4. Create Star Tree DocValues fields for each of the Star Tree dimensions
and metrics

![star-lucene](https://github.com/apache/lucene/assets/58062316/13c80059-26f5-4c0f-b9e2-7dee8315c277)

### Challenges
Main challenge is that ‘StarTree’ index is a multi-field index compared to
other formats in Lucene / OpenSearch. This makes it infeasible to use the
PerField extension defined in Lucene today. We explored ‘BinaryDocValues’ to
encode dimensions and metrics, but the ‘type’ of dimensions and metrics are
different.

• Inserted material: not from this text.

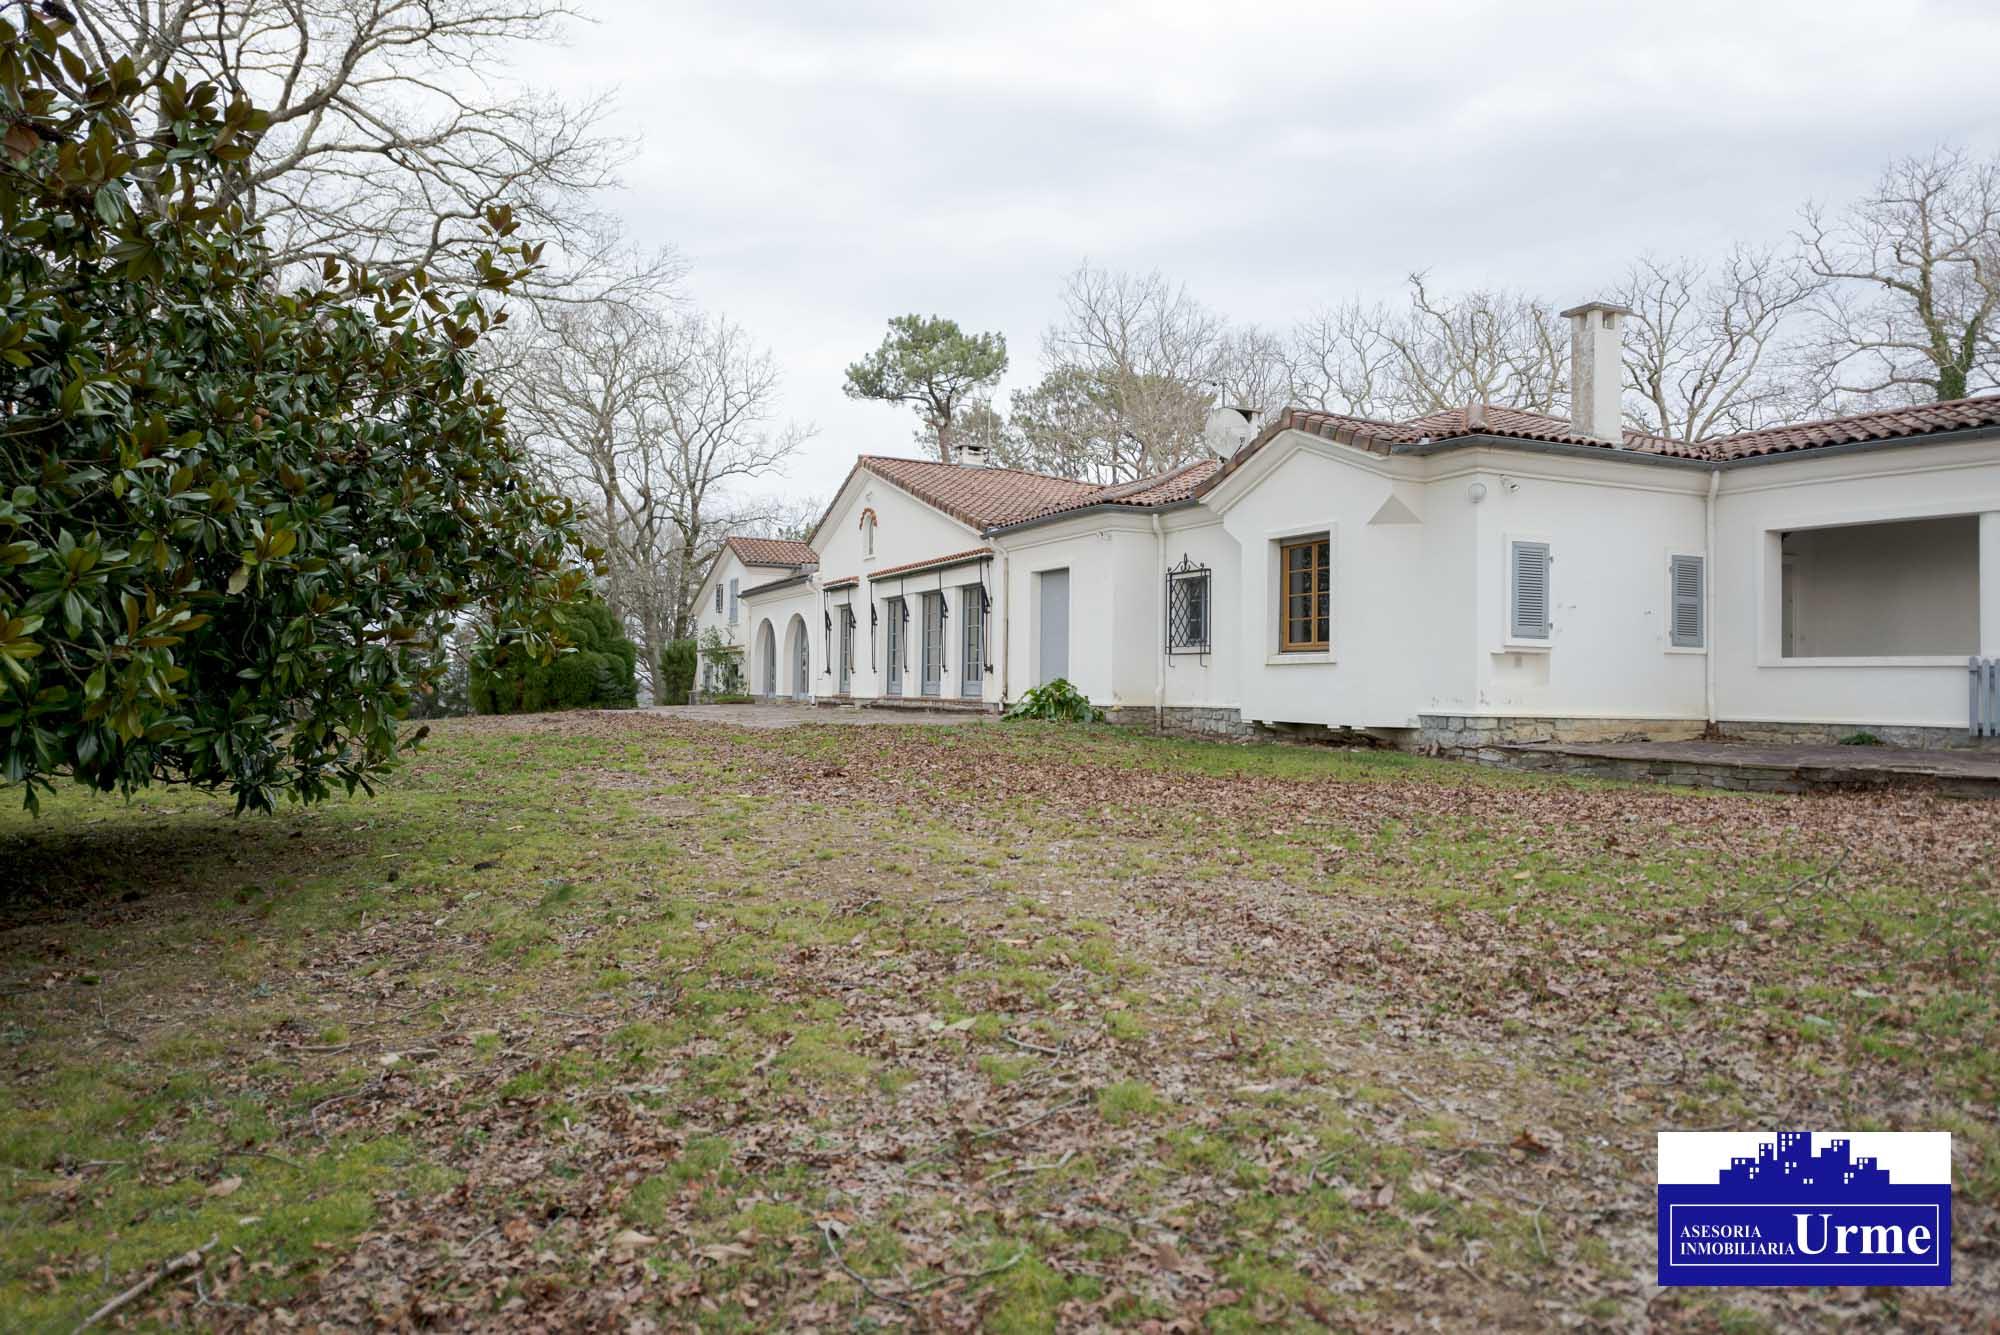 Excepcional propiedad en Iparralde, proxima al Golf Makila!! A pocos minutos de Biarritz.Infinidad de posibilidades!! Descubrela en Urme.

So we couldn’t find a way to extend it. [Dimensions could be numeric
or text or combination].

## Create Star Tree index
### Approach 1 - Create a new format to build materialized views
We can create a new dedicated file format (similar to points format,
postings format) for materialized views which accepts list of dimensions and
metrics and the default implementation for it could be the Star Tree index.

Pros

* This can be the standard format for supporting materialized views in
Lucene which developers can use or extend to create custom solutions.
* With this format, users can directly create materialized views during
index time without the storage of original documents via DocValues indices

Cons

* This will be a maintenance overhead.

### Approach 2 - Extend DocValues format

#### Indexing - Extend DocValues to support materialized views
We can extend DocValues format to support a new type of field ‘AGGREGATED’
which will hold the configured list of dimensions and metrics by the user
during index creation.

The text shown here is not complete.